A danger that befalls many is simply letting our yearning float above our lives, and never doing anything to make it actual.  Depth psychotherapists would call this a denial of soul.  We all know people in whose lives this dynamic is glaringly obvious.

Jung’s colleague von Franz has amply spelled out the dangers of this psychological state of subjection to the puer aeternis or “eternal child” mode of being.  At its best, this archetype of eternal youth can be the source of incredible art — think Mozart .  At its worst,  it can keep an individual hovering above the real substance of his or her life, perpetually refusing to be tied down.

Why We Need to Keep It Real

We can avoid the risk of actualizing the things that matter most to us, for reasons such as:

  • we fear it will create messy, complex situations in our lives;
  • we fear that life will make us pay dearly  for getting what we really want;
  • we’ve somehow absorbed the message that we don’t deserve to have this thing in our lives; or,
  • we fear that the real thing, once we get it, will be not quite as good as the way we’ve imagined it.

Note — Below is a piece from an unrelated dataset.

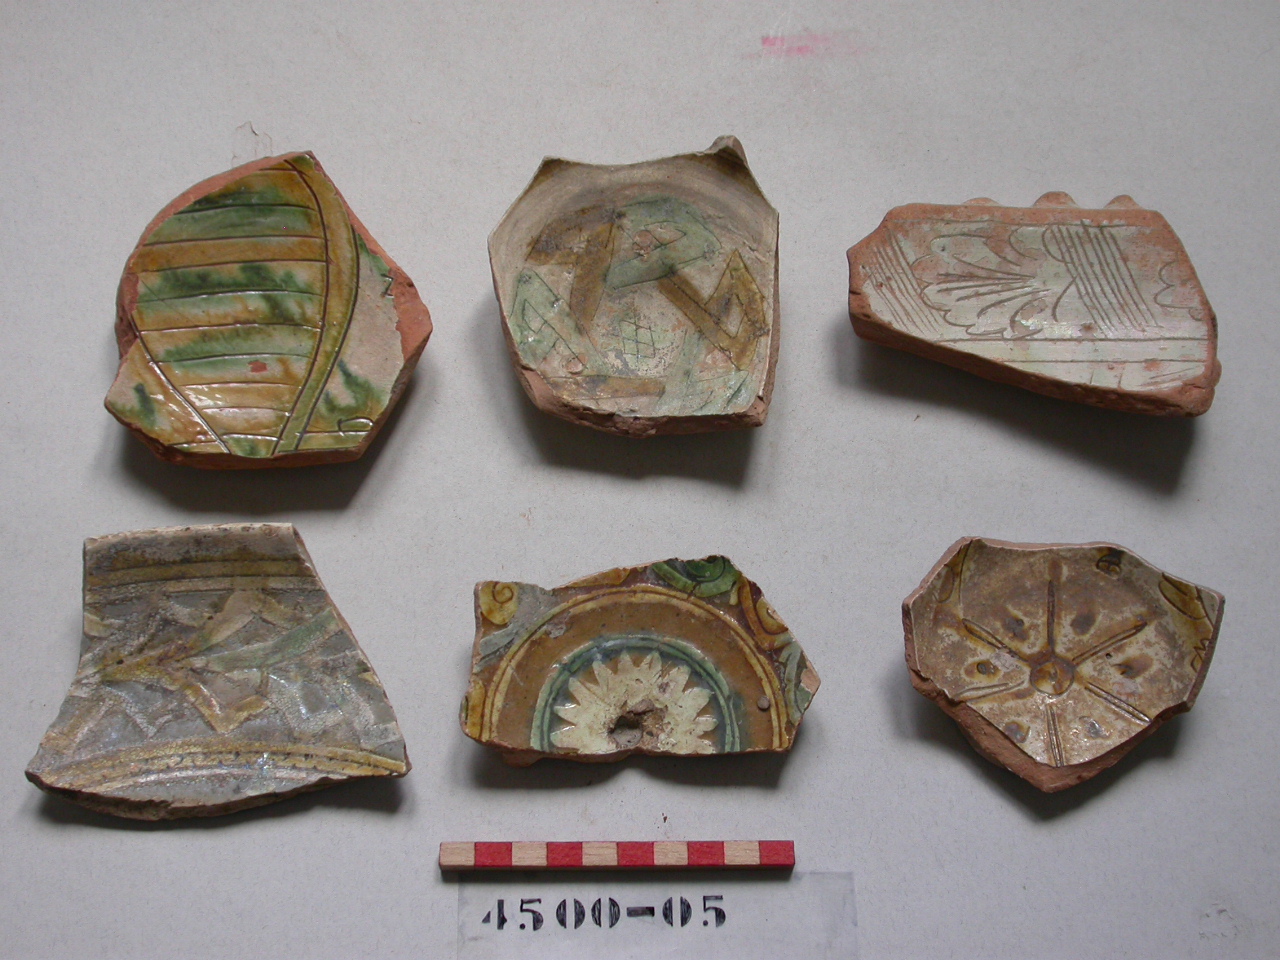 motivi decorativi geometrici (scodella, frammento) - ambito veneziano (secc. XVI/ XVII)

Although we don’t admit it to ourselves, it can be quite tempting to stay floating with the fantasy of what we want, rather than taking actual steps and sacrifices to bring it into being.

Leonard Cohen captures this state of the provisional life superbly in his song “Waiting for the Miracle“.  He shows the state of yearning, of going nowhere, and of the extraordinary cost when we allow what we want and need to hover provisionally “out there”, and never seize hold of it.

There is an aching poignancy to his words, reflecting both regret and yearning…

what do you want in life

What I Want, or What I Feel I Have to Settle For?

Once we try to seize hold of what we really desire, we most often have to reach some accommodation between our yearnings and the realities of the world.  It may well be that the things I desire are very difficult to bring about.  There may be financial, legal, or family reasons why what’s desired is hard to attain.  There may also be psychological issues, in that attaining this thing flies in the face of conventional morality, or requires us to face our own shadow, the part of ourselves that we do not wish to acknowledge or accept.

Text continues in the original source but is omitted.